BMOD0009 P024 B02 By Maxwell/Nesscap
9F storage
24V rated
139 mOhm ESR
$213 ea

Is there any drawback to using one of these to Amp PSUs? Even if used in series, it would offer orders of magnitude more capacitance than the mF of capacitance used in PSUs.

For example,

I use Folsom’s Antipole PSU with a 16V transformer (23 VDC rectified). So the Nesscap could be drop-in, or if headroom is recommended, then two in series.

Same for my Neurochrome Power-686 which is powered by a 25V transformer (35 VDC).

Thanks!
 
Hello,
I remember the French l'Audiophile magazine started using them in an mc preamplifier in the eighties. But surely at that time they had some disadvantages too. They used a mix of big batteries , big capacitors and a one farad cap on each side. If they would have only advantages they would have been used in many more applications for sure. Greetings, Eduard
 
The nice thing with using these for a power amp, is that they can provide the burst high currents required by the amp now and then, while charging them with a continuous charging current of less than say 1A. Possibly even only a few 100mA.

So you get the high dynamic power reserve to run the power amp, while needing only a puny charging circuit.

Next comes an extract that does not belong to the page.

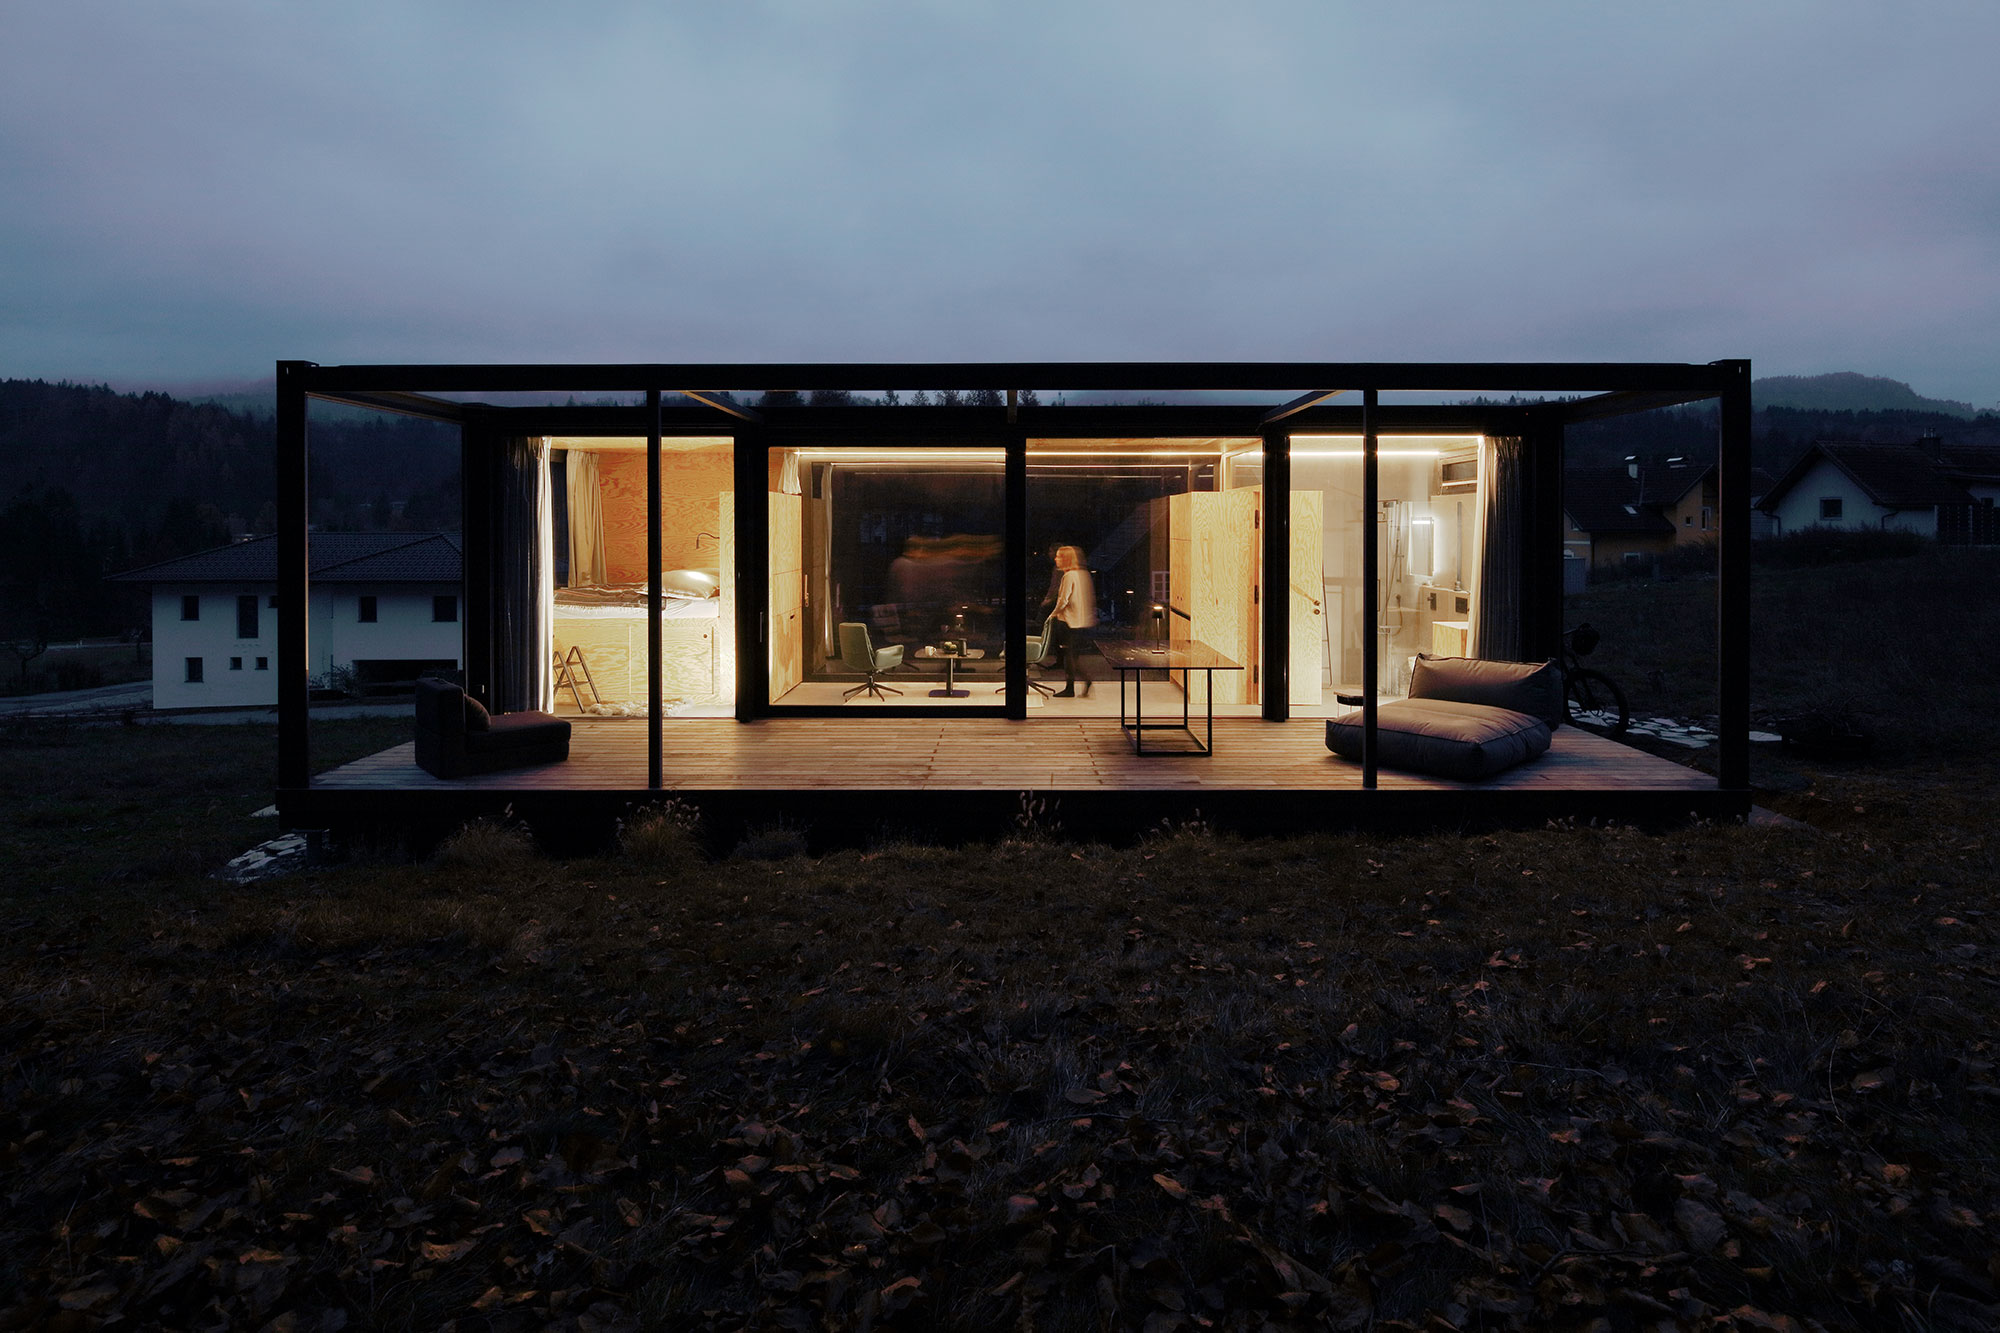 Modernes, minimalistisches kleines Haus mit großen Glaswänden und einer eleganten schwarzen Rahmenstruktur, eingebettet in eine düstere Landschaft, mit einer sichtbaren Person im Inneren, die das gemütliche Interieur genießt.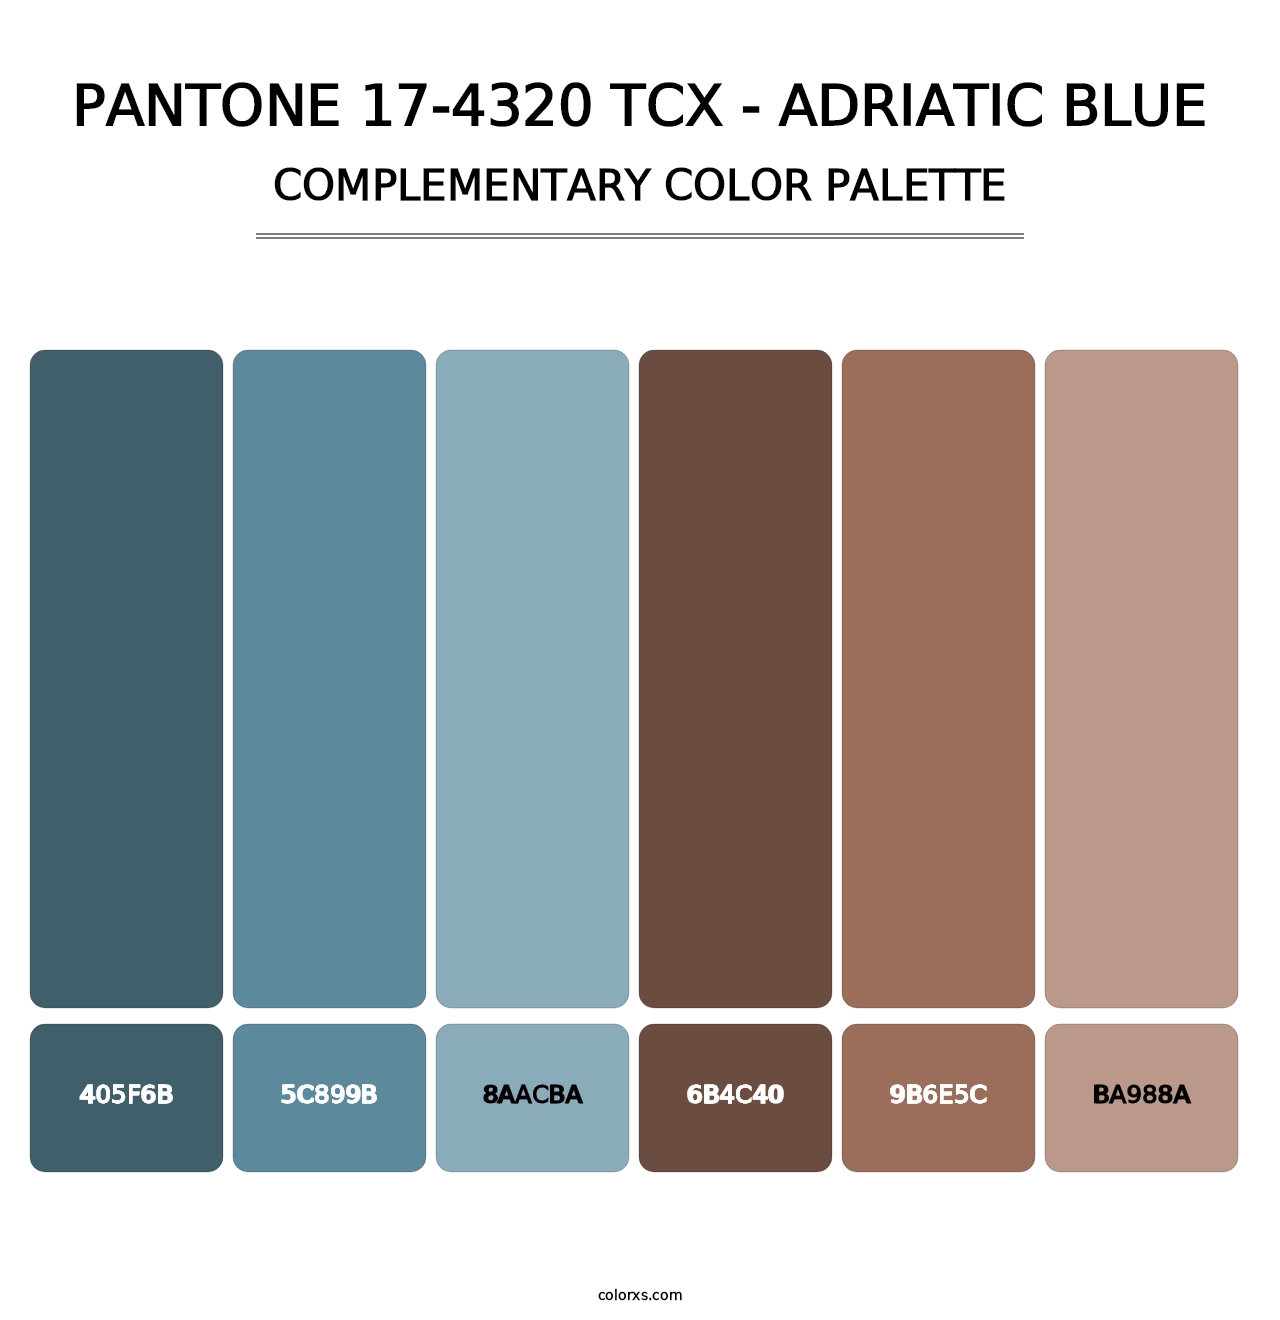 PANTONE 17-4320 TCX - Adriatic Blue - Complementary Color Palette

This is because even with high dynamic current load bursts, the average power an amp needs is only a handful of Watts.

It is a very interesting possibility.

Jan
 
The nice thing with using these for a power amp, is that they can provide the burst high currents required by the amp now and then, while charging them with a continuous charging current of less than say 1A. Possibly even only a few 100mA.

So you get the high dynamic power reserve to run the power amp, while needing only a puny charging circuit. This is because even with high dynamic current load bursts, the average power an amp needs is only a handful of Watts.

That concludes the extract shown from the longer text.